SantoshGupta7
SantoshGupta7

Reputation: 6197

Keras training with shuffled tf.data: if training is interrupted, how to continue training at last data iteration/order of last saved checkpoint

I am training with keras model.fit, and the data comes from tf.records, loaded into a tf.data object, which uses .shuffle to shuffle the data. I am also using callbacks.ModelCheckpoint to save the model every x number of steps/batches.

Sometimes my cloud instance disconnects or crashes before an epoch is finished, but the model at y step is saved into my drive.

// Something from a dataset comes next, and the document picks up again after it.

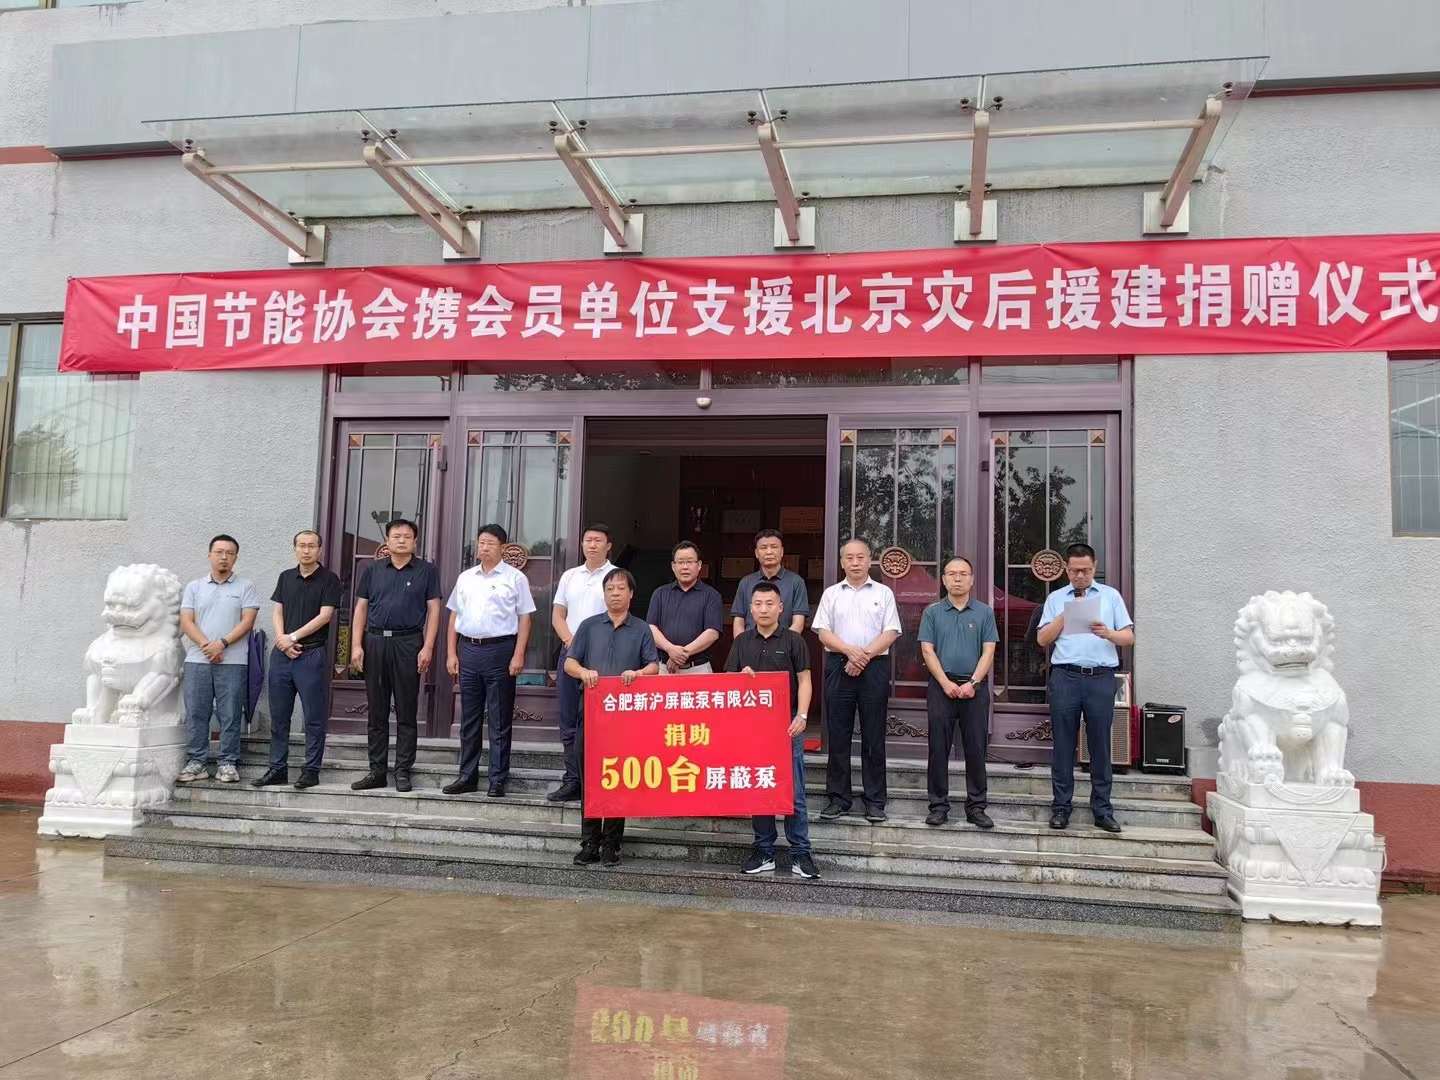 Shinhoo beteiligt sich aktiv. China Energy Conservation Association organisiert „Unterstützung der Spendenzeremonie für die Fluthilfe in Peking“

I would like to finish training over the data in that epoch (I have very long epochs), before training another epoch, so each that each data example is trained over once per epoch.

Is there a way to get the original order of the data, and the place within the data where model was last saved?

What I have found so far

It looks like you can set a specific order in .shuffle by setting the seed. However, shuffling only occurs in the buffer, so I am not 100% sure if setting the seed will perfectly reproduce the order. Also, I am not sure how that will work with reshuffle_each_iteration. Is a different seed used after each epoch? If so, I guess a work around is train only 1 epoch at a time, with a specified seed for each epoch.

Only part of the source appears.